Кондрашов вернулся почти под утро, когда его взвод уже мирно дрых в землянках. Боевое охранение сторожило сон метрах в тридцати от передней линии окопов. Как ни жалко было будить сержанта и командиров отделений — но пришлось. Где-то там, в штабах, решили, что пополнение не должно отсиживаться в окопах. Надо расширить горловину прорыва. Рота Смехова должна была выбить немцев из четвертого эстонского поселка и выйти на железную дорогу в районе Апраксина. Взвод Кондрашова идет с левого фланга — между старой дорогой и речкой Черной. Соседи слева идут на высоты за речкой. Справа — атакуют по полю. Прорвавшись к железной дороге — закрепиться и ждать подкрепления.
— Все понятно, товарищи командиры? — устало сказал лейтенант, то и дело протирая красные глаза.
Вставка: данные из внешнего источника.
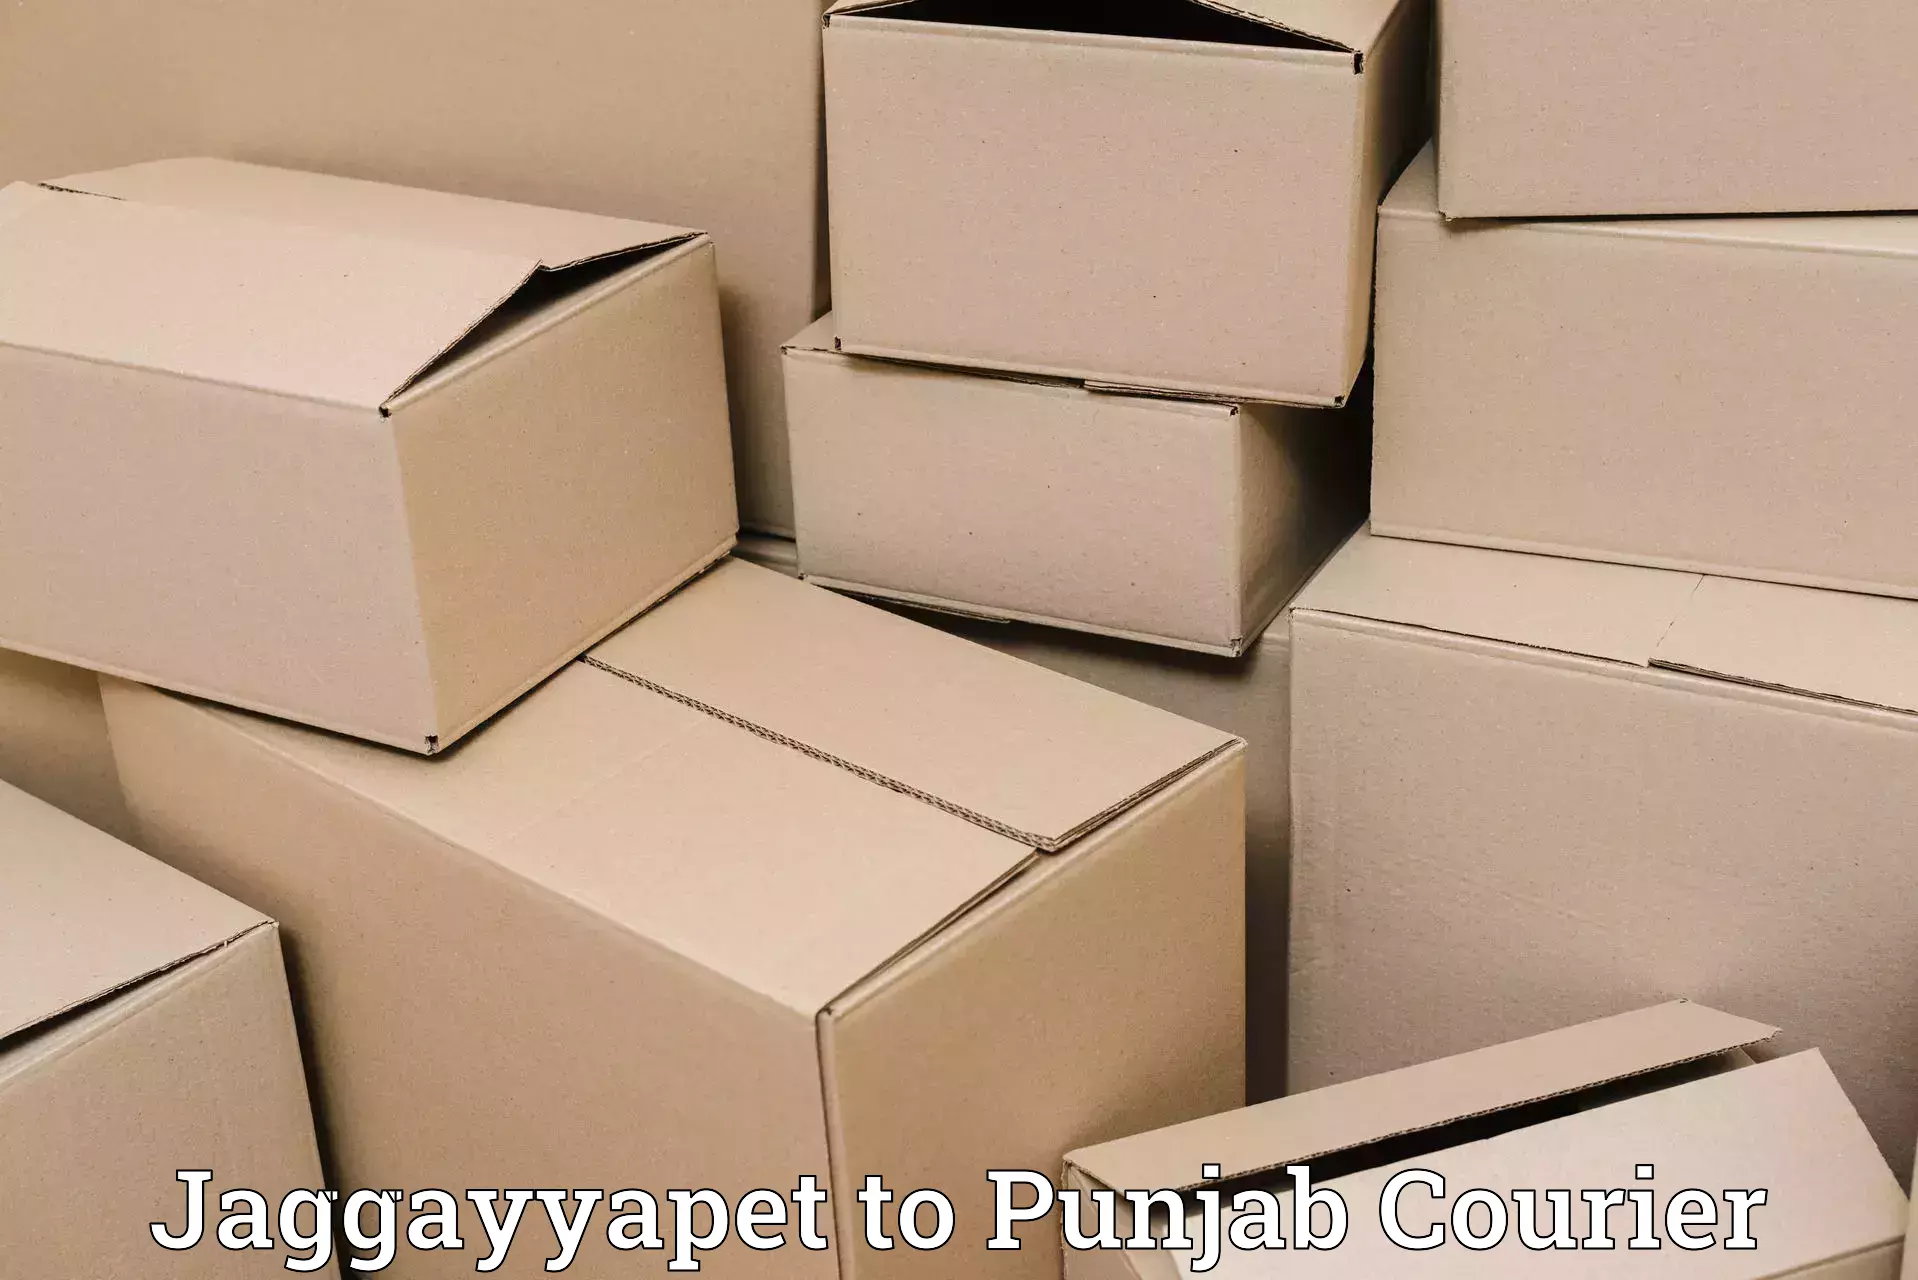 Multi-package shipping Jaggayyapet to Punjab

— Чего тут непонятнее, — пожал плечами Пономарев. — Идем и убиваем немцев.
— Атака назначена на шесть утра. Немцы тут нас не ждут. Основные их силы на острие нашего прорыва. Если мы… — Кондрашов замялся и поправился. — Когда мы железку оседлаем, они не смогут перебрасывать резервы по ней. Задача нашего взвода — во время артподготовки вдоль речки подобраться к позициям немцев и ударить в штыки. Все понятно?
— Да ежу понятно, товарищ лейтенант. Поспите пока, часика полтора, — снова сказал сержант Пономарев. — Мы тут сами пока справимся. И блиндажик ваш готов.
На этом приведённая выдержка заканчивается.